_Material supplied_:

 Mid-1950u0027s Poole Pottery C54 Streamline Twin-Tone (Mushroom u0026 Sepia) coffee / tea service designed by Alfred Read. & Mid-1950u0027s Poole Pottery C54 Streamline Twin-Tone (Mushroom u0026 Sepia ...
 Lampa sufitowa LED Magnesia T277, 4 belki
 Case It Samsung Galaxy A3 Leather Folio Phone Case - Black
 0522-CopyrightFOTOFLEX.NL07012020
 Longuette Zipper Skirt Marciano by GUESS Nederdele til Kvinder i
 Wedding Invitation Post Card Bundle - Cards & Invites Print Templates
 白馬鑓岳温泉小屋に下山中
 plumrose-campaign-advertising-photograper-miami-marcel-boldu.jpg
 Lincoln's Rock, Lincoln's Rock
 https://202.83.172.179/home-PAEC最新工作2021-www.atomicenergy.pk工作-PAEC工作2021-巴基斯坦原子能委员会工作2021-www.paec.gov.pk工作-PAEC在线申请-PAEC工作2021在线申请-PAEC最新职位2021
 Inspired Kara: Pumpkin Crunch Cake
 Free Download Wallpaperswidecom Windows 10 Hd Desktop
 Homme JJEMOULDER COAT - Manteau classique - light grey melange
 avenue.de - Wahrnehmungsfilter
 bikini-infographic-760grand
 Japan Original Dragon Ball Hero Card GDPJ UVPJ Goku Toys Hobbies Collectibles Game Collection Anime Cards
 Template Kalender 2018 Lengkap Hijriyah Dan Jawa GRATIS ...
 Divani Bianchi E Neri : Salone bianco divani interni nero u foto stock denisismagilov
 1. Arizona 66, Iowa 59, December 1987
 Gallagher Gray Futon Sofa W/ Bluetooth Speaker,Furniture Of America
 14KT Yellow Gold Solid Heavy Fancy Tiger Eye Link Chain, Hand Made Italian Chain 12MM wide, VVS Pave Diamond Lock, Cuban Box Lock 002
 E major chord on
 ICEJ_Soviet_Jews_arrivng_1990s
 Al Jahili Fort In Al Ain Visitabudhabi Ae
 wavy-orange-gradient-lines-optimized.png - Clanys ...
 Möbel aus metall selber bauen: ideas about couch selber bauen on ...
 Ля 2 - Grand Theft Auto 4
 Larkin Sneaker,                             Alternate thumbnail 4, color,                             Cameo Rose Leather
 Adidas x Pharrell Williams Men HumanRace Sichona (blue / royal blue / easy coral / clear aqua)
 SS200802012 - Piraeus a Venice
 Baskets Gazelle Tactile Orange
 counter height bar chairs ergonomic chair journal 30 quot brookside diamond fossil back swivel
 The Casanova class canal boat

_Problem description_: What is needed is one number: how many lines of the records above contain the word "Card".

_Your solution_: 2